3:40 am: you never wrote back on my facebook wall
By the way the fattest man alive got married yesterday and I don't even have a boyfriend.
saw "Pah-jure" lube. Thought of you. Wearing the same clothes to work tomorrow.
I stayed in, ate a pint of Hagen daas and watched a movie about aids. Soooooooo single.
So I just went home and made my own spanx by cutting the legs off of a pair of nylons. I'm either a genius or missed my calling to live in a trailer park.
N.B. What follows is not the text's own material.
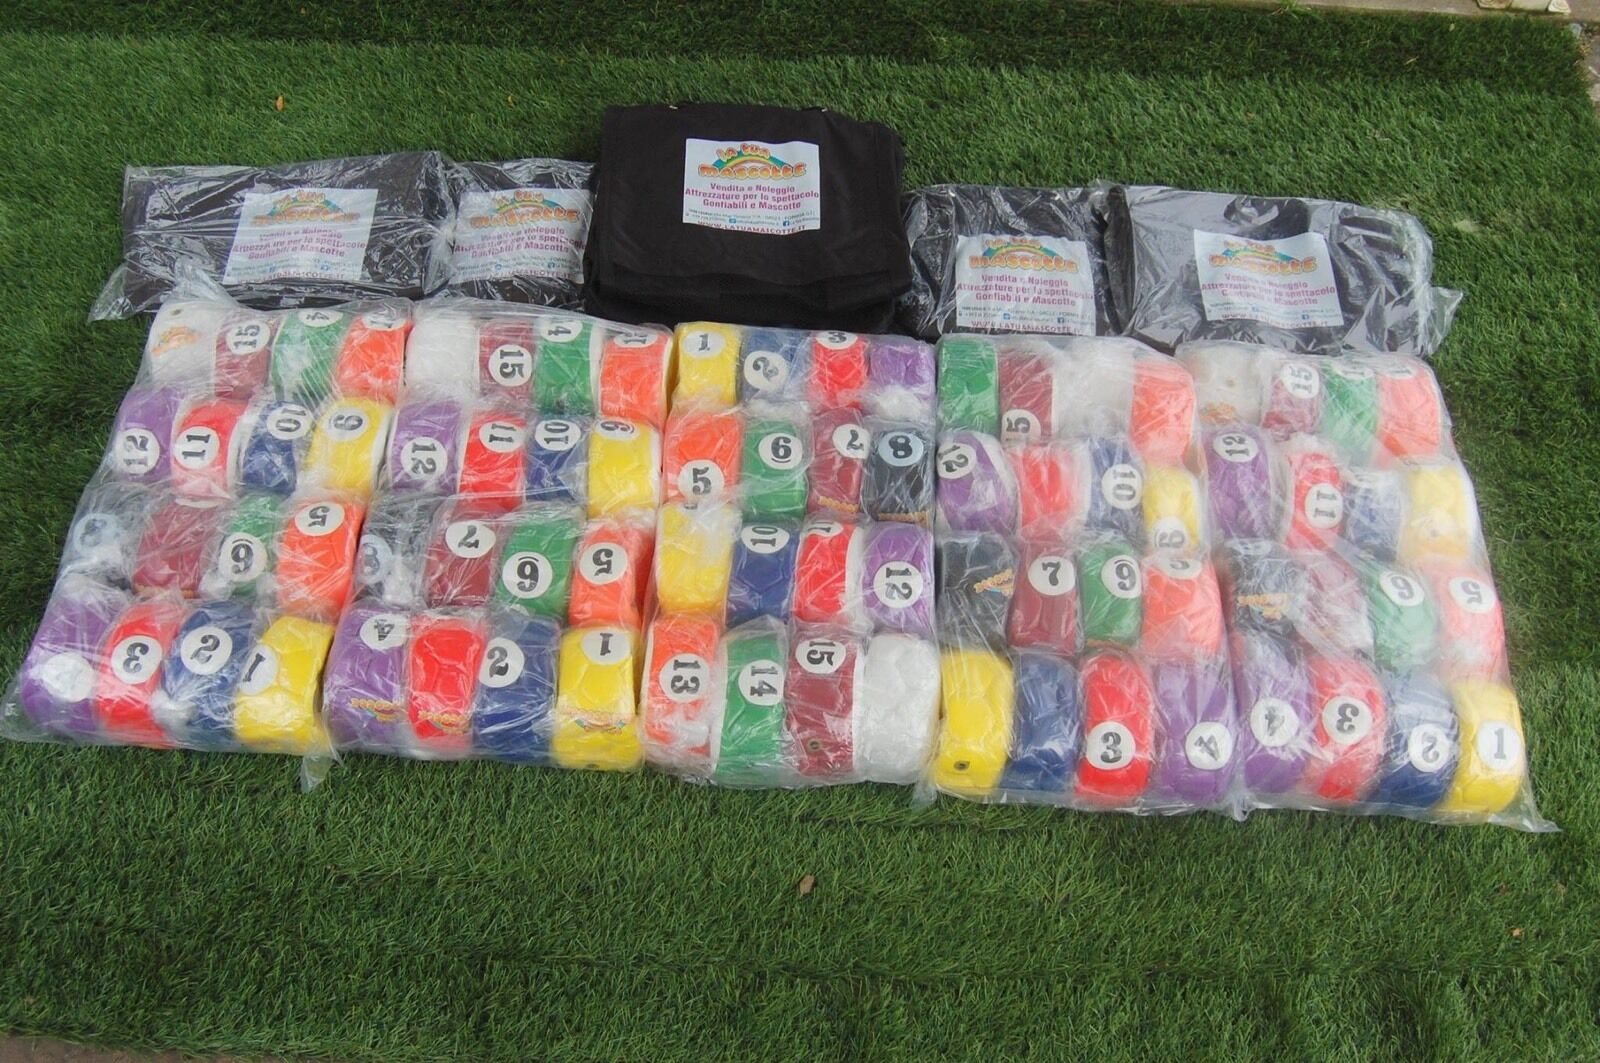 Set Palloni Calciobiliardo Professionali calcio biliardo  In Cuoio Cuoio Cuoio Pallone Num 3 971021

I'm outside your house...sorry I feel like I don't need formal invites anymore.
I'm using process of elimination to determine which of our neighbors i fucked last night.
I started making breakfast to subdue the hangover and last of the shrooms and only got as far as eating a half frozen pierogi out of a dixie cup.
there are ass prints on the hood of my car.
thanks for the bloody nose. you probably dont remember, i'm not mad.. only because your boobs are to blame
Caught in the act of lying. Lipstick literally all over his dick. He tried to make some story about darkwing duck or some shit but failed to realize he is a complete moron.
I blame it on the rum. It keeps jumpng doqn my throst.
It's really funny to see the look on the sales lady's face when she asks why you're replacing a painting. "I knocked it off the wall during sex w/ my heels," wasn't what she expected.
Riding the train home at 6 am for class still drunk is losing its novelty in my junior year
I've never had to kick an employee out of bed to go to work before.
I went to finger her and found a penny. I think ill keep it.